According to Article I of the U.S. Constitution, the U.S. House of Representatives has “the sole Power of Impeachment,” while the U.S. Senate has “the sole Power to try all Impeachments.” “Essentially, the Senate is sitting as a jury,” said Family Research Council President Tony Perkins, “based upon the charges that come over from the House.”

The conflict in the Senate turned into “a procedural battle,” explained Rep. Clay Higgins (R-La.) on Wednesday’s “Washington Watch,” who had brought the impeachment articles over from the U.S. House and observed the proceedings.
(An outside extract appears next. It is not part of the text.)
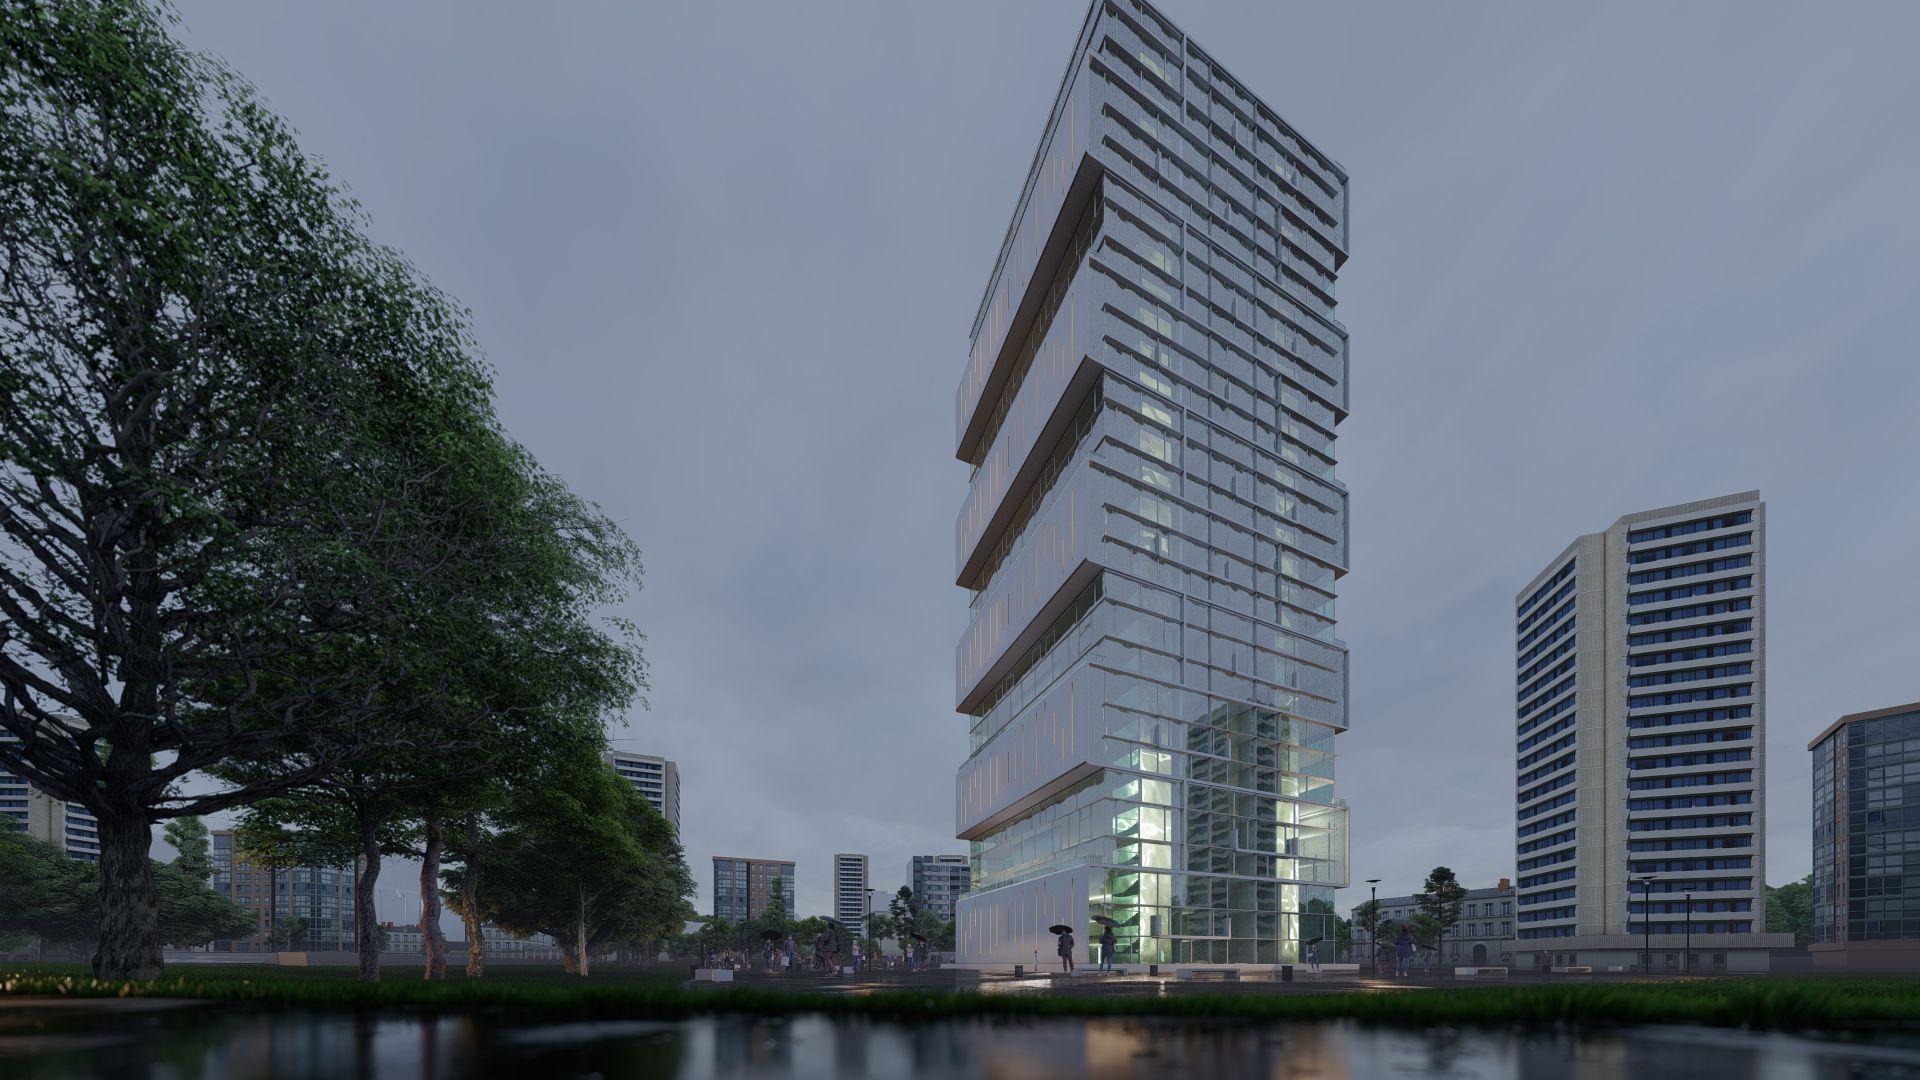 arhitektuurne 3d visualiseerimine pilve hoone 3 2

He described how Republican senators marshalled an array of parliamentary tactics against “the Democrats efforts to just kill the entire impeachment proceeding and to not allow any debate, nor any presentation of evidence.”

As the minority, Republicans could not force the Democratic majority to take up the impeachment articles; all they could do was delay. Still, these tactics did needle the Senate Democrats. “If it was up to the Democrats and [Senate Majority Leader Chuck] Schumer [D-N.Y.], they would have just swept it after one motion from the Leader,” remarked Higgins. “Political power trumps law and order: that’s the message that was sent today,” responded Perkins.

“Mayorkas has been impeached. We’ve impeached him through the House,” insisted Higgins. “We formally presented those articles of impeachment to the Senate, whereupon normally a trial would take place.”

The Senate does have a greater degree of latitude regarding the process for trying these articles of impeachment than it would if President Biden were impeached. The Constitution stipulates that the Chief Justice of the Supreme Court must preside over presidential impeachments. However, “because Mayorkas is a secretary, not a president,” said Higgins, the Senate can set its own rules on how to proceed. Among other things, this means that “they’re not required to hold a trial on the Senate floor. They could have moved it to committee. So there were Senate mechanisms that the Democrats could have accessed to allow at least the presentation of argument and debate and evidence.”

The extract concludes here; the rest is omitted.